The following statements do not purport to be indicative of the results
that would have been achieved if the assets of TC3M had been transferred
to 21ST CENTURY and the acquisitions of SMC and Peacock had been
consummated as of January 1, 1995, or of the results that may be achieved
in the future.

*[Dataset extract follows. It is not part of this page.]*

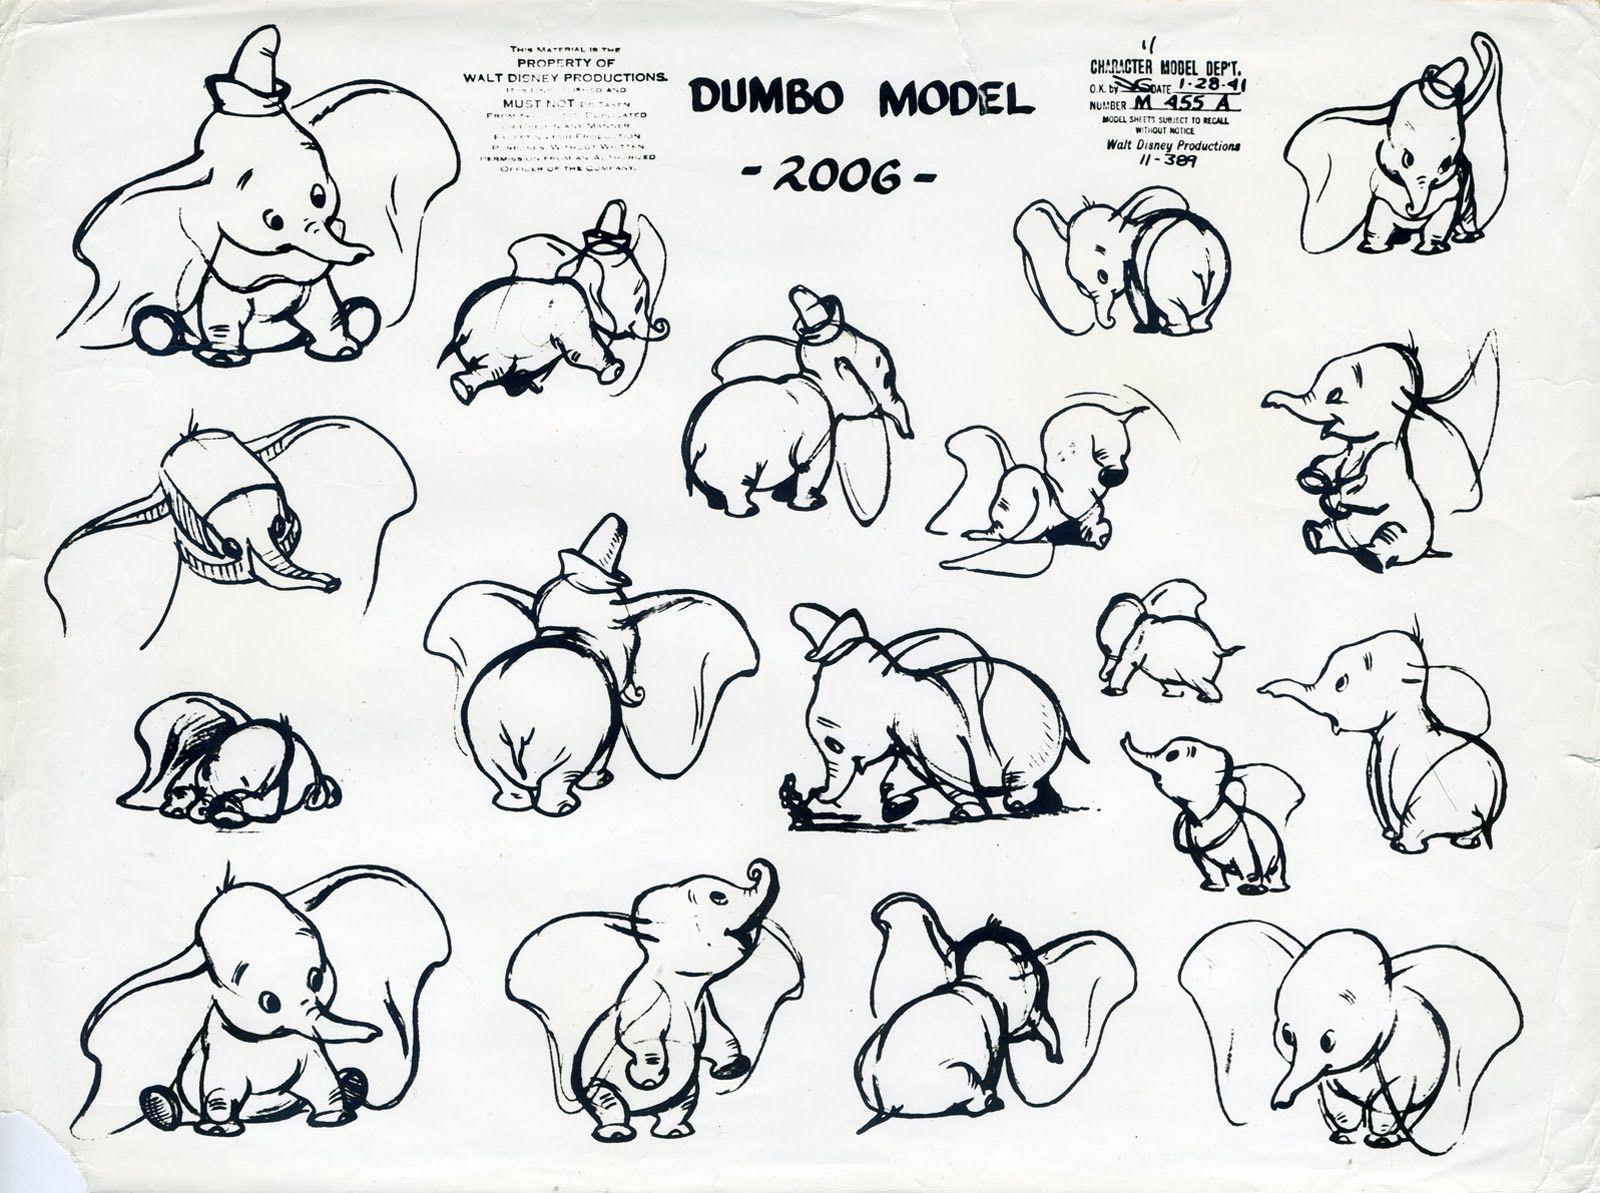 Dibujo Para Colorear Del Elefante Dumbo De La Película De: Model Sheet For Dumbo From Disney's Dumbo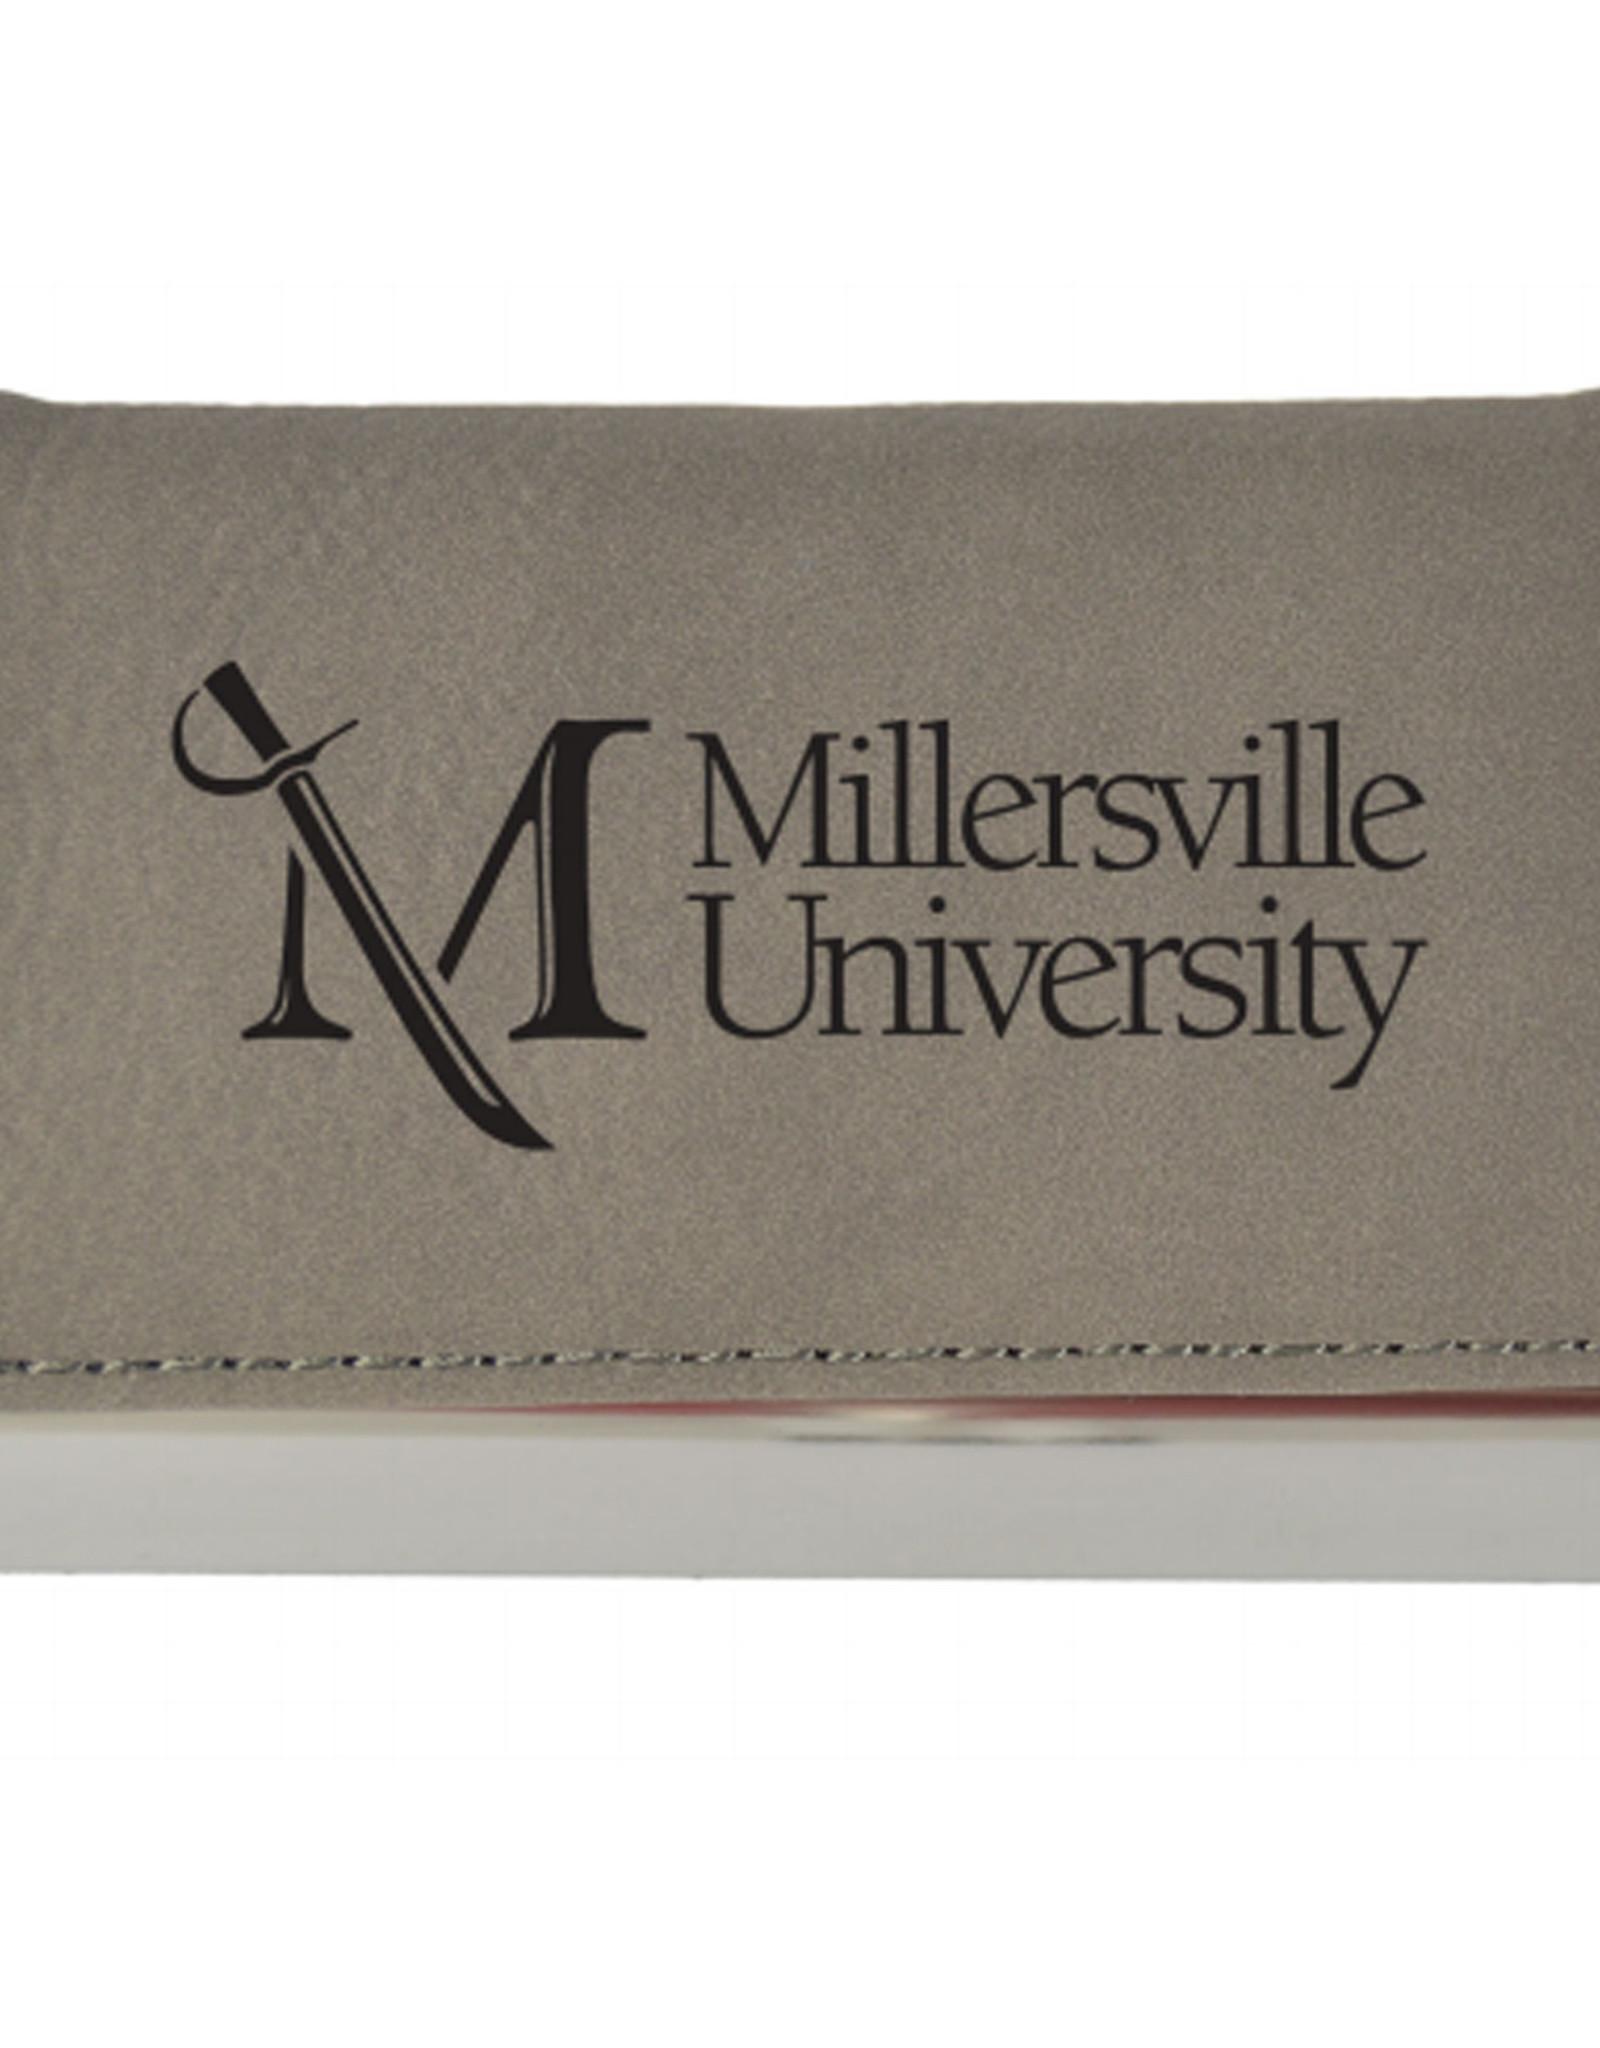 M Sword Leather Engraved Business Card Holder

The statements of operations should be read in conjunction
with the audited financial statements of 21ST CENTURY and TC3M and of SMC
and the unaudited financial statements of Peacock, all appearing
elsewhere in this Registration.
2. Acquisitions
SMC
Effective January 1, 1996, 21ST CENTURY acquired certain assets of SMC
for $1,649,365 as follows:
Cash $ 50,000
Notes payable 450,000
Common stock 1,127,610
Additional costs of acquisition $ 21,755
-----------
$ 1,649,365
===========
This acquisition was accounted for as a purchase and, accordingly, the
combined condensed statement of operations includes the results of
operations of SMC since the date of acquisition. The purchase price was
allocated to the assets acquired based on the estimated fair market
values at the date of acquisition as follows:
Property and equipment $ 834,989
FCC licenses 814,376
-----------
$ 1,649,365
===========
Peacock
Effective September 1, 1996, 21ST CENTURY acquired all assets and
liabilities of Peacock for $640,760 as follows:
Common Stock $ 621,653
Additional costs of acquisition $ 19,107
---------
$ 640,760
=========
The acquisition was accounted for as a purchase and, accordingly, the
combined condensed statements of operations will include the results of
operations after the date of acquisition. The purchase price was
allocated to the assets acquired based on the estimated fair market
values at the date of acquisition as follows:
Cash $ 115
Accounts receivable 69,203
Inventories 149,897
Prepaid expenses 4,370
Property and equipment 408,480
FCC licenses 219,834
Accounts payable (70,788)
Accrued expenses (15,280)
Notes payable (125,071)
---------
$ 640,760
=========
3. Income Taxes
There is no pro forma adjustment for the income taxes as the Company will
not realize the benefit of the historical losses.
August 21, 1996
Mr. John Peacock
Peacock's Radio & Wild's
Computer Services, Inc.
310 E. Polk Street
P.O. Box 2166
West Memphis, AR 72301
Dear John:
Pursuant to the Stock Purchase Agreement dated January 11, 1996, Article 2.1,
the purchase price of the stock (of Peacock Radio and Wilds Computer Service)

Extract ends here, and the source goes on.